### YOUR GOAL
Please write out every line of the listing without alteration, but omit the images.

### SOURCE MATERIAL
◇ ◇ ◇ ◇

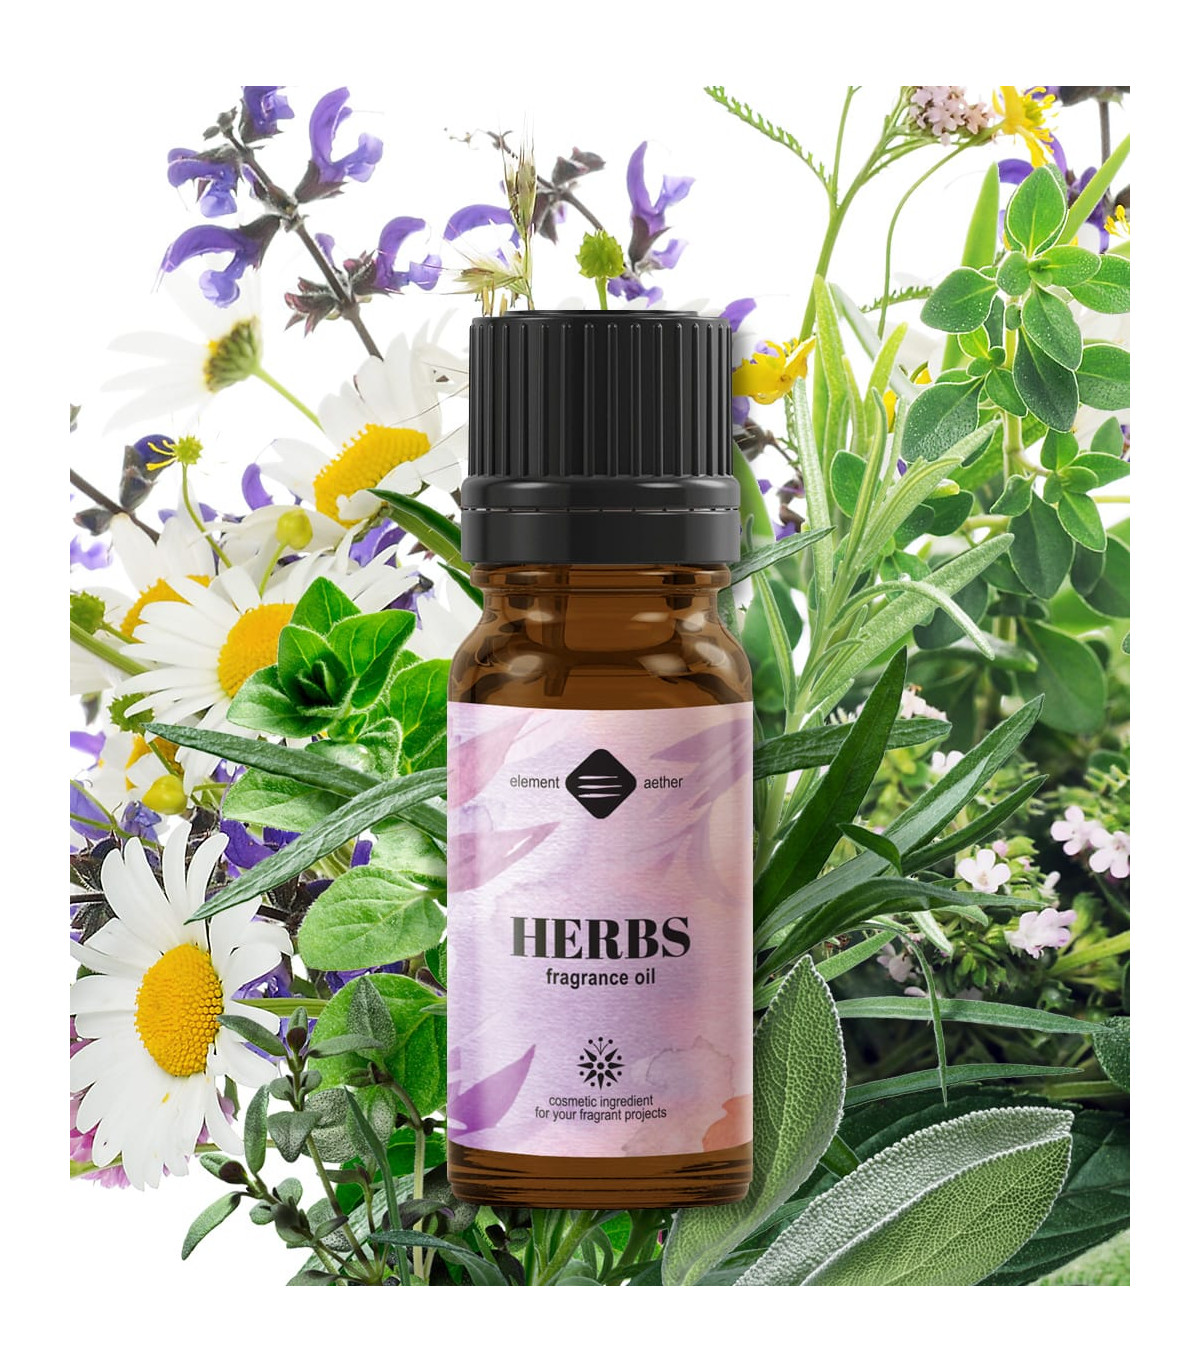 Herbs Fragrance oi
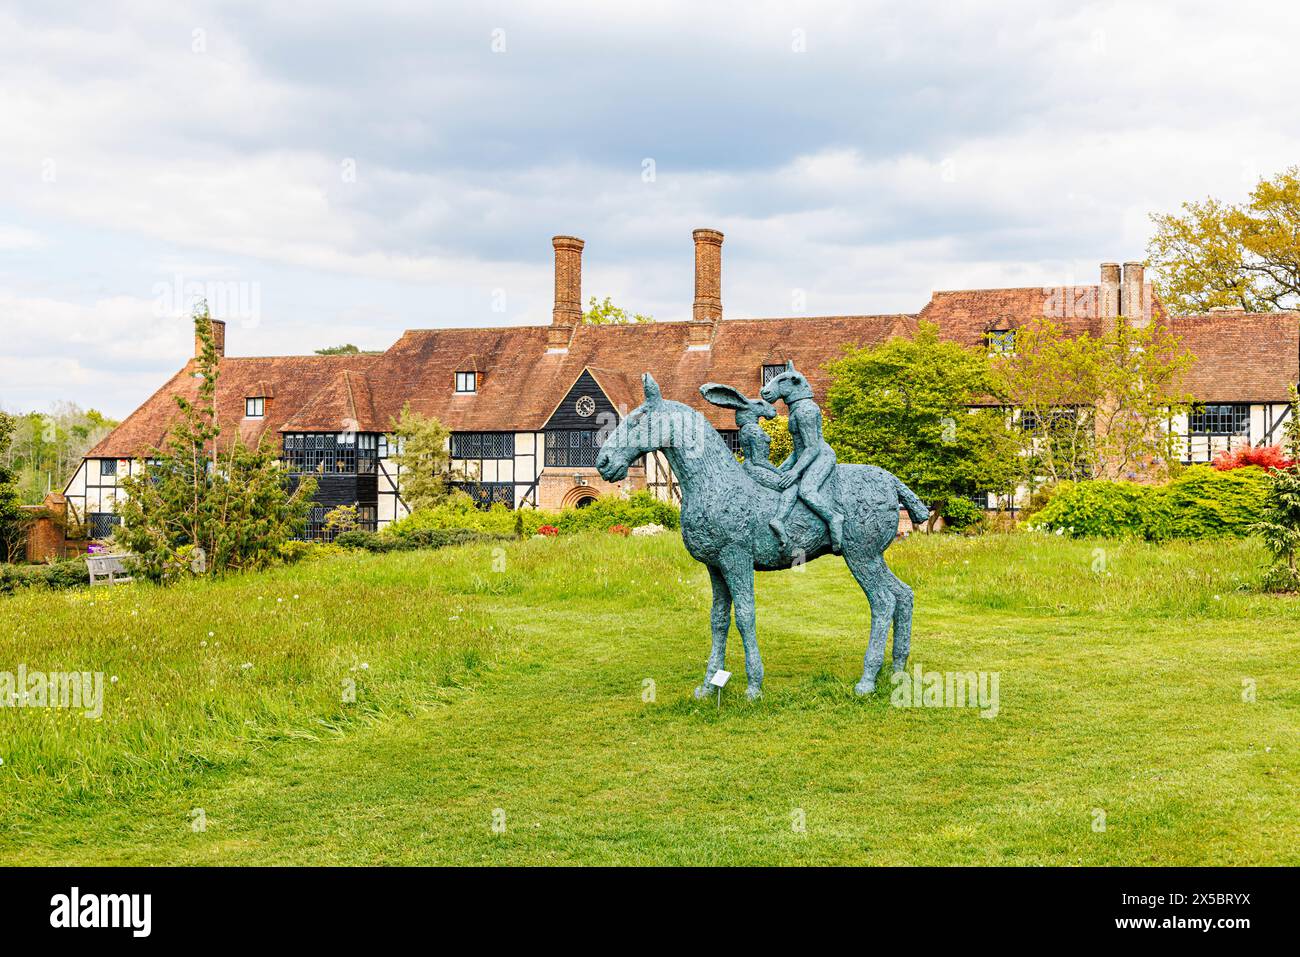 Bronzestatue „Lovers on Horseback“ von Sophie Ryder in der Nähe des Laboratory Building im RHS Garden Wisley, Surrey, Südosten Englands im Frühjahr Stockfoto
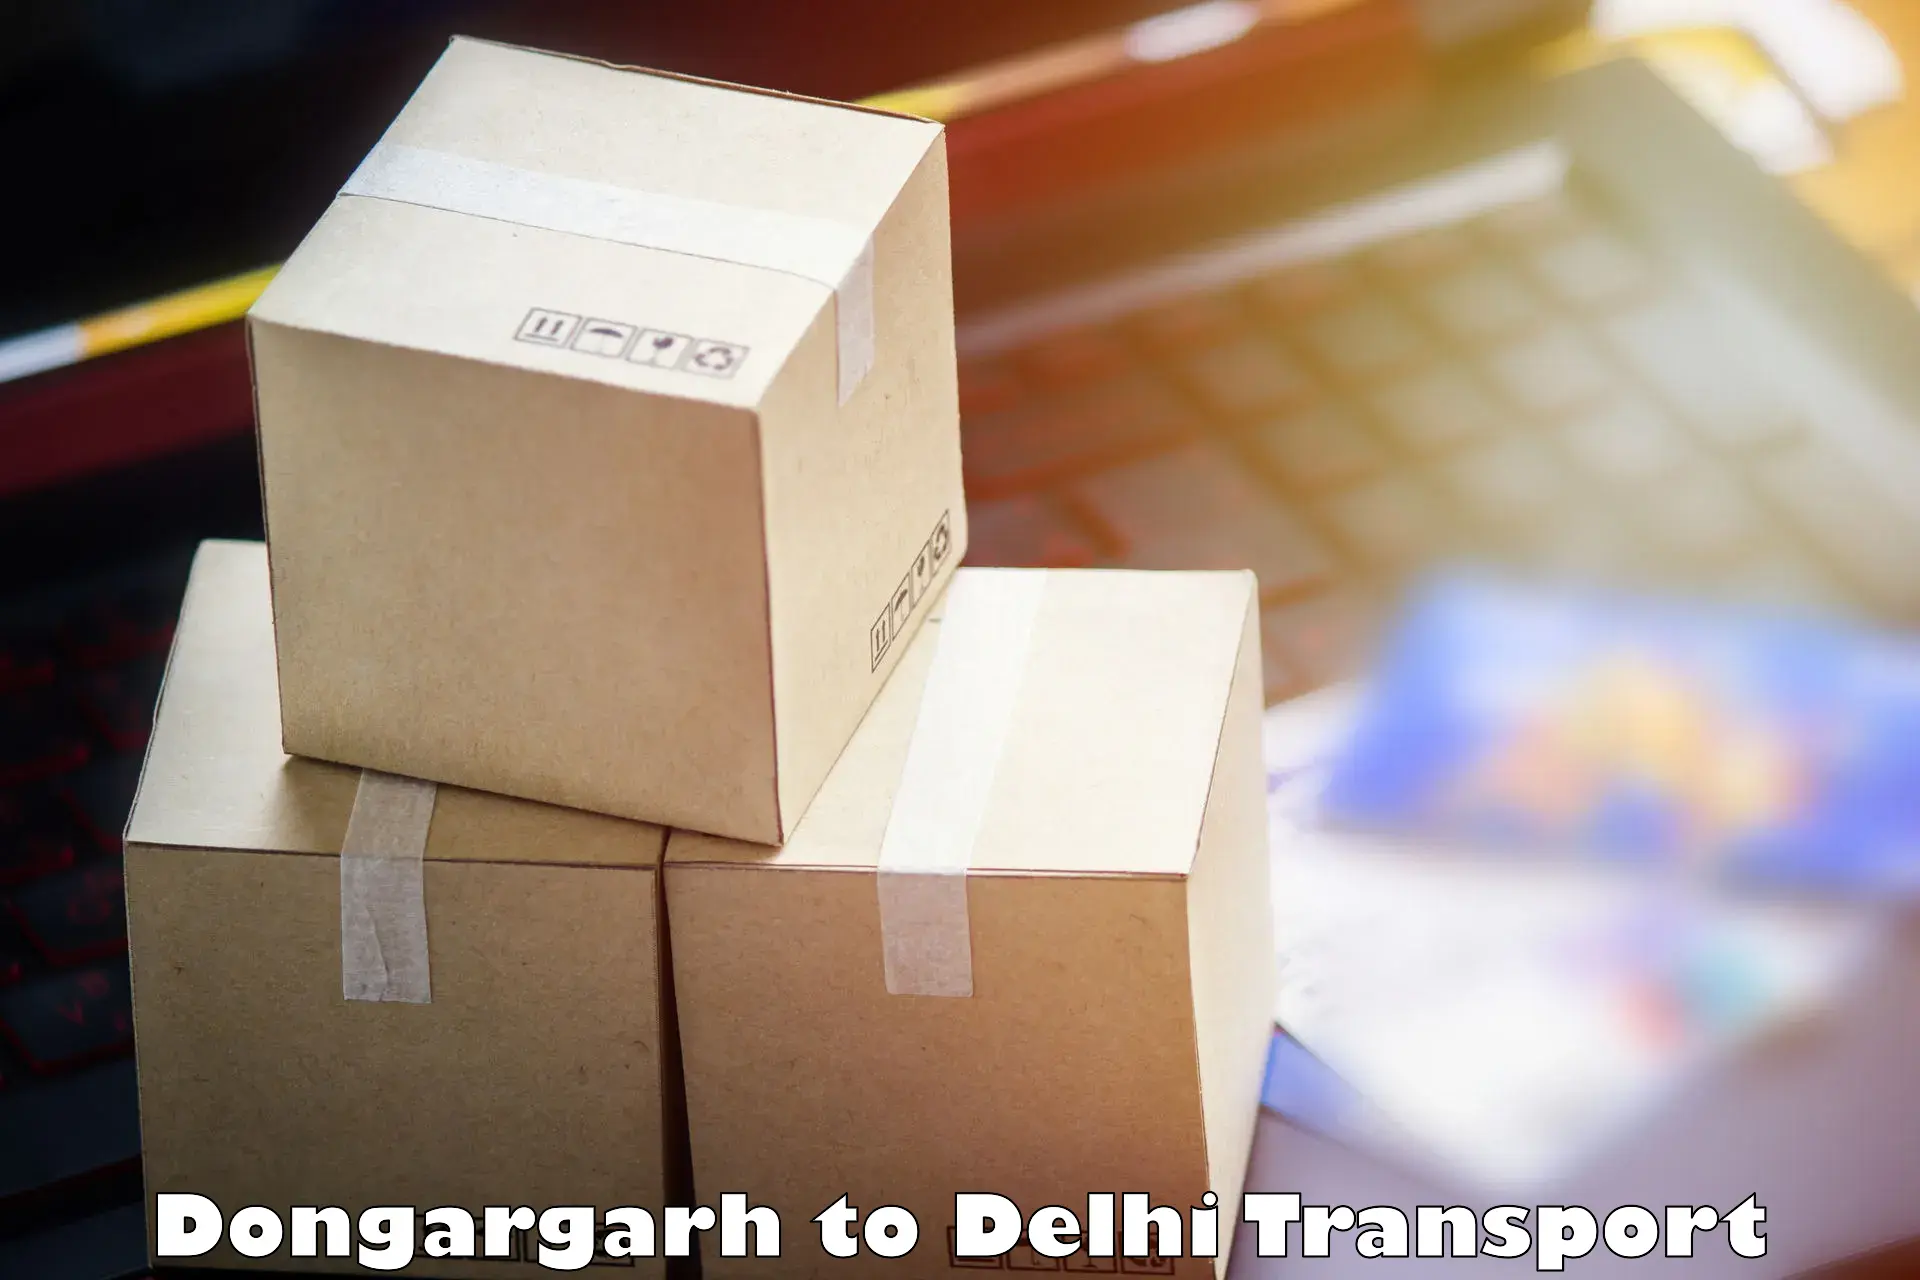 Pick up transport service Dongargarh to Kalkaji

◇ ◇ ◇ ◇

### EXERCISE RESPONSE
 Herbs Fragrance oi
 Bronzestatue „Lovers on Horseback“ von Sophie Ryder in der Nähe des Laboratory Building im RHS Garden Wisley, Surrey, Südosten Englands im Frühjahr Stockfoto
 Pick up transport service Dongargarh to Kalkaji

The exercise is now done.